A meeting of leading trading nations, the so-called G6 group, hit a stalemate after US trade negotiator Susan Schwab turned on Europe, reports suggest.
She is said to have refused to compromise over farm subsidies.
My memory may not be that good, but I really don't remember anything but stalemates and breakdowns in any WTO negotiations ever since farming issues were introduced. Is there really any willingness anywhere to reduce tariffs and subsidies on agricultural products or fisheries?
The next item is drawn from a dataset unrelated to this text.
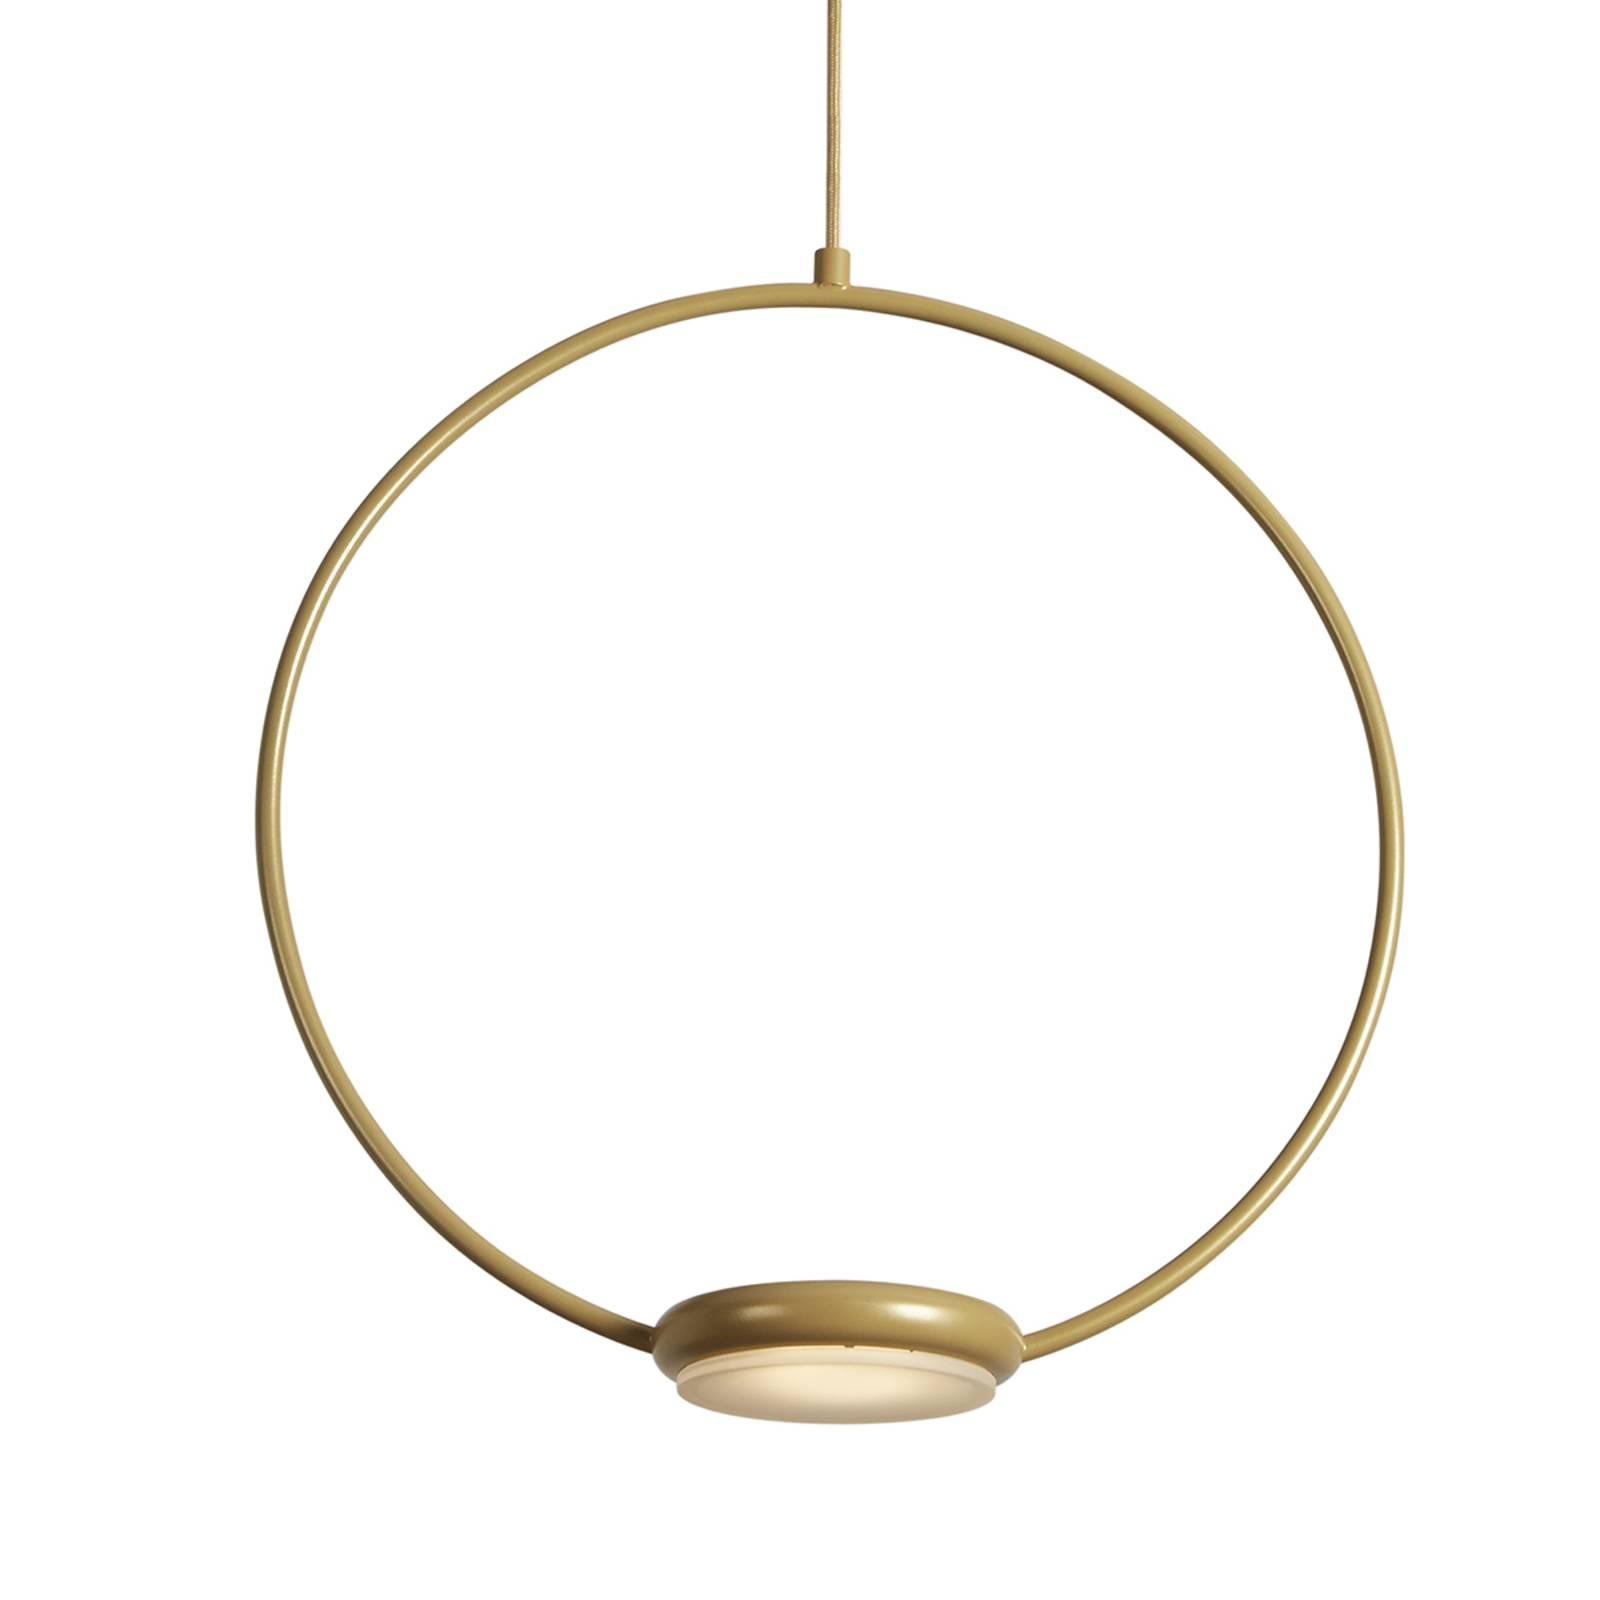 Kultainen Odigotto LED-kattovalaisin

Update: London Times Financial Editor Graham Searjeant argues the Doha round was doomed to failure from the start:
The underlying conflicts between the US, the EU, big agricultural exporters and smaller members nonetheless threatened to derail the process several times. In particular, apparent concessions on agricultural subsidies, tariffs and quotas always turned out to be less than they seemed, because to give the developing world what it wanted would radically undermine the farming industries of the North, possibly threatening rural life from California to Cracow.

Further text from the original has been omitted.